*** SOURCE INFORMATION ***

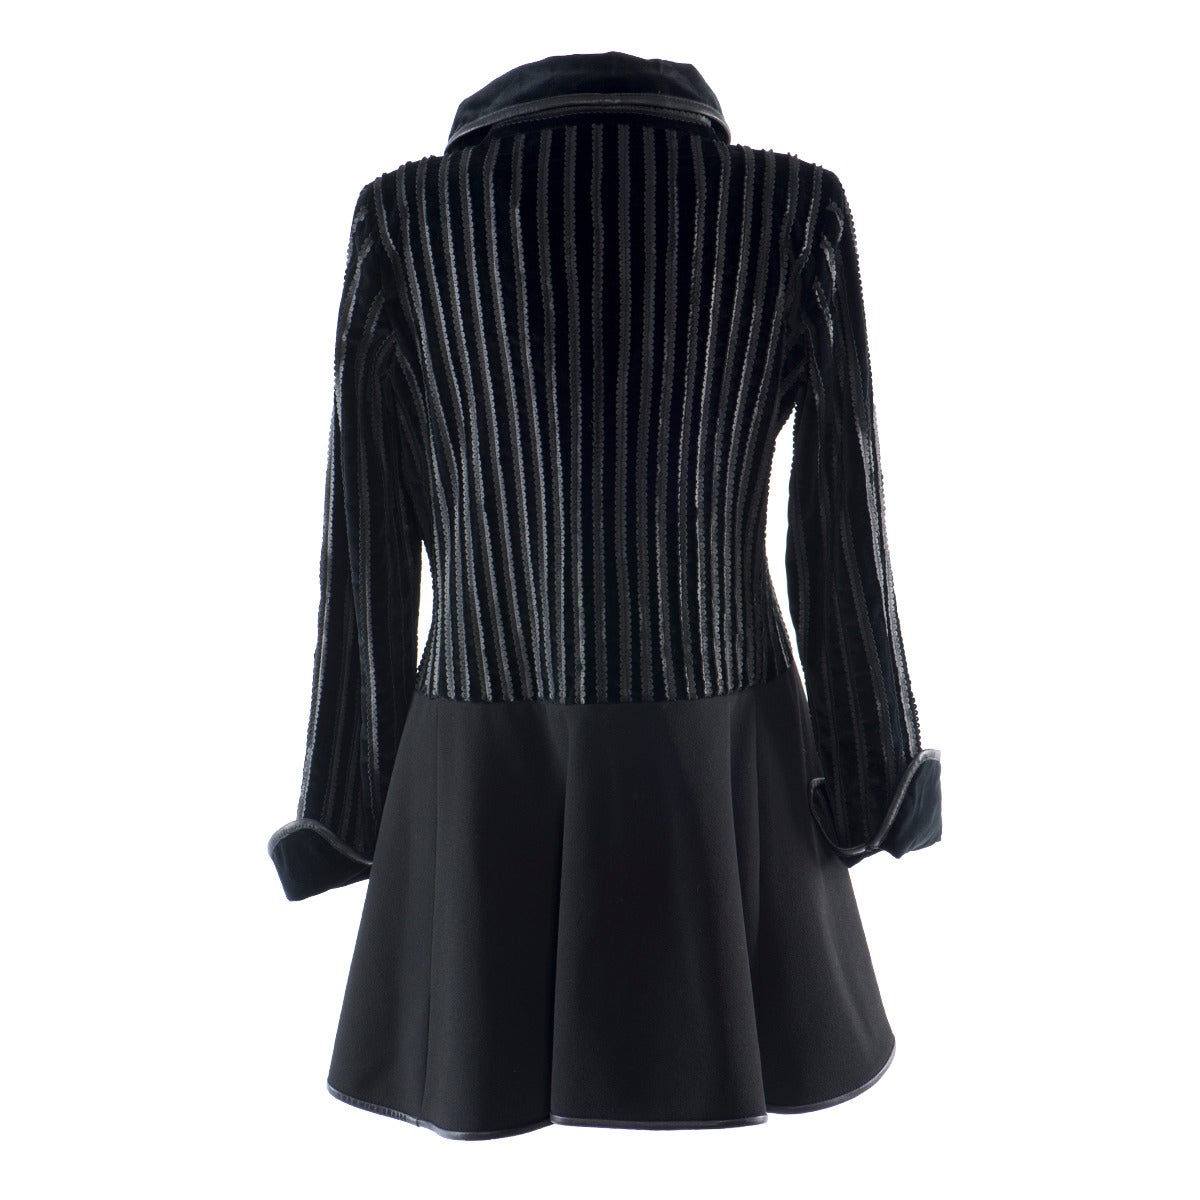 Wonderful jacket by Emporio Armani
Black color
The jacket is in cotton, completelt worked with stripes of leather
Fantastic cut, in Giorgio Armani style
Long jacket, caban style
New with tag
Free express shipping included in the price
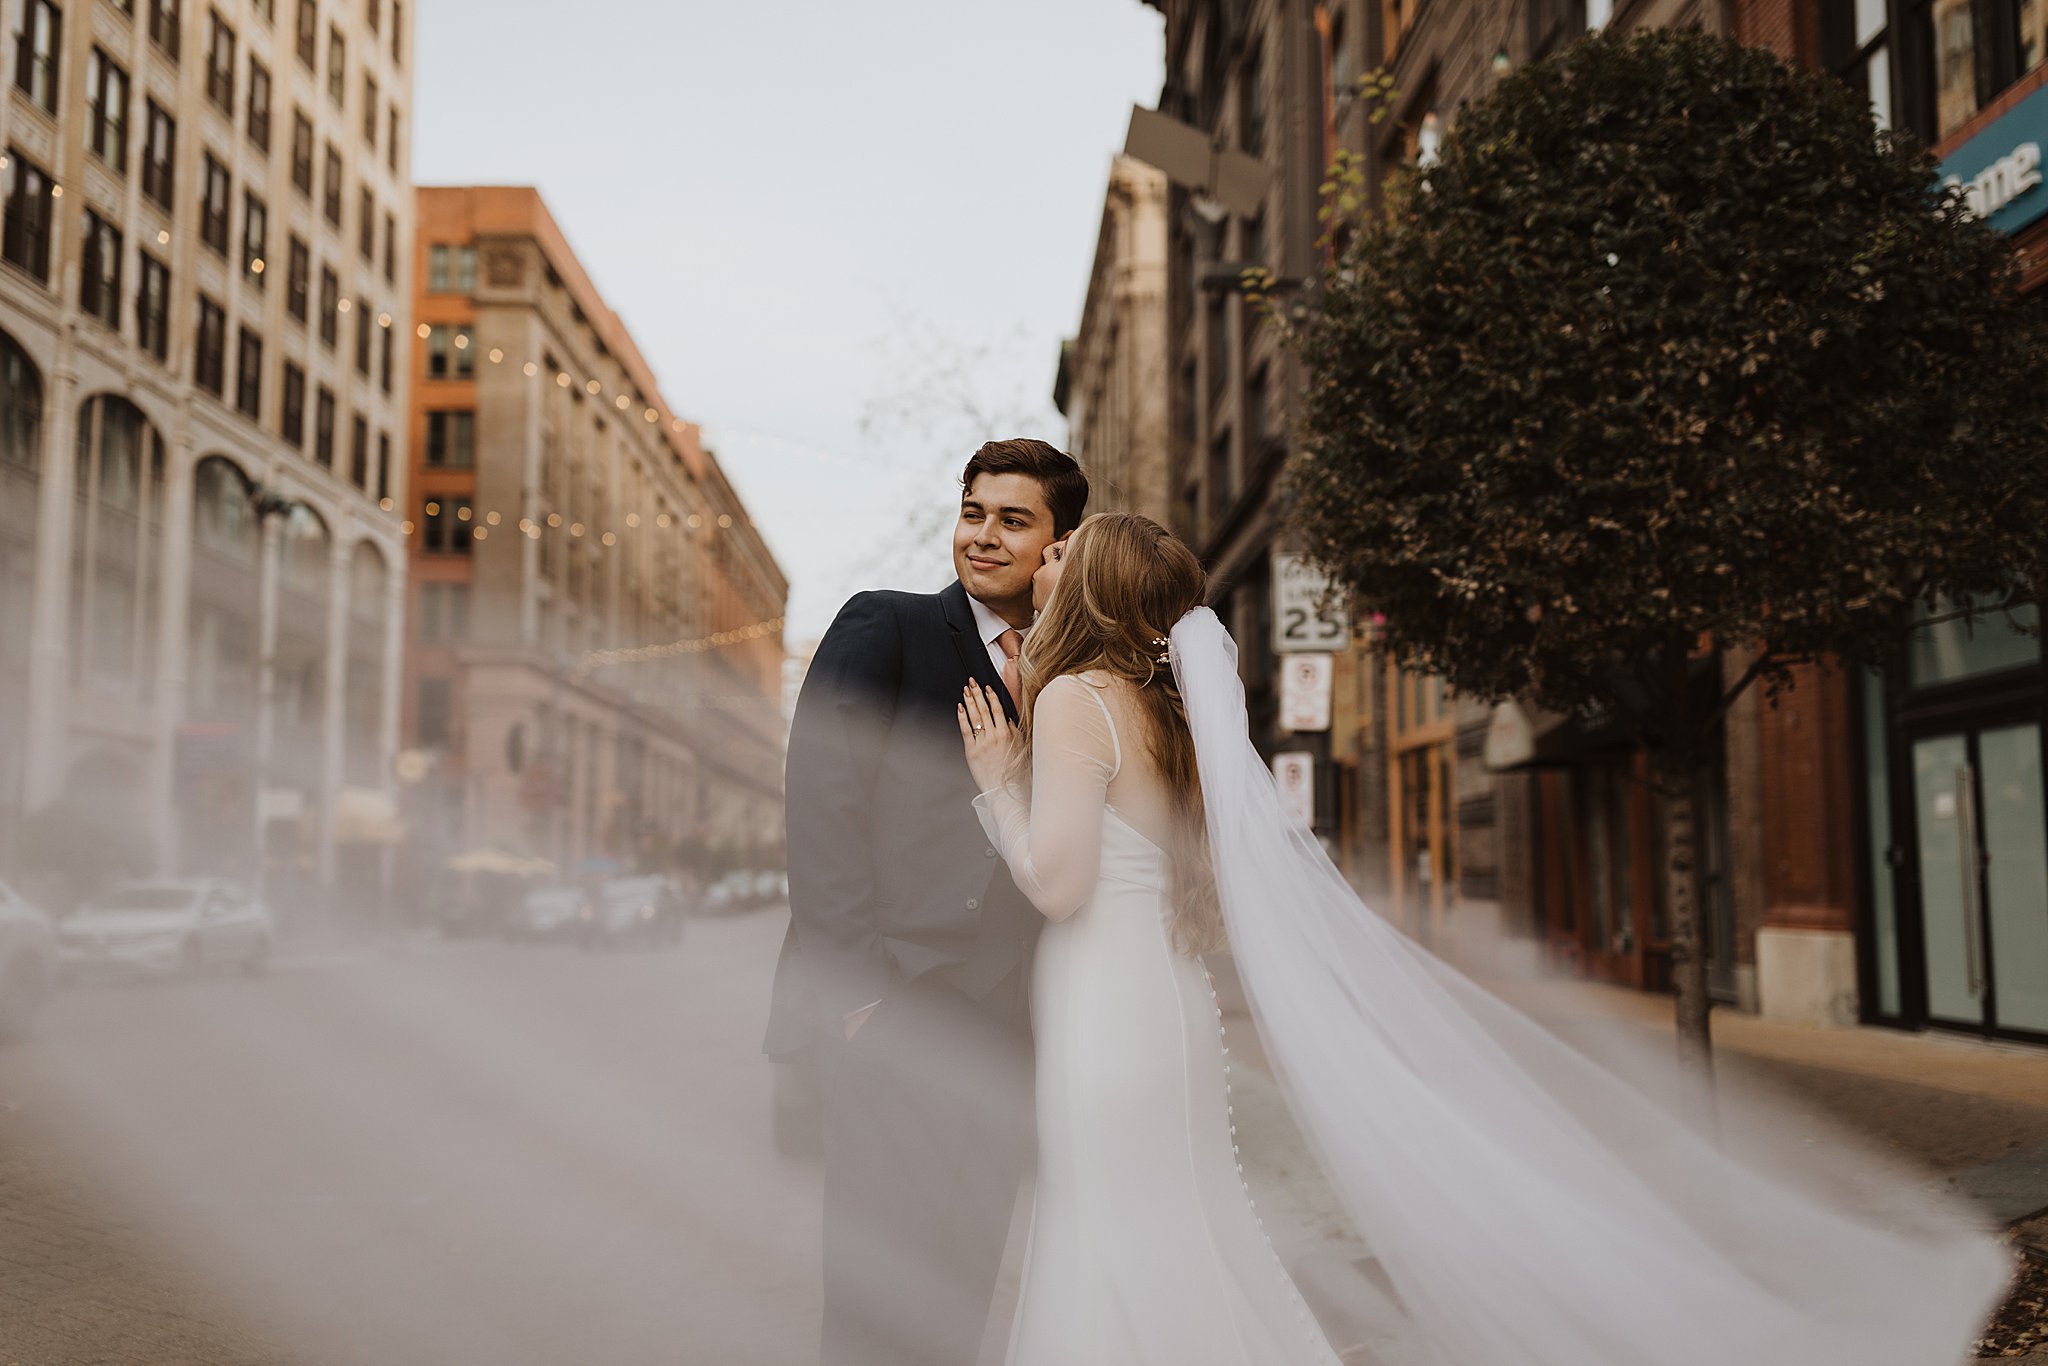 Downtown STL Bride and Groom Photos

*** End of SOURCE INFORMATION ***

All lines above containing the string "style": copy each one.

Fantastic cut, in Giorgio Armani style
Long jacket, caban style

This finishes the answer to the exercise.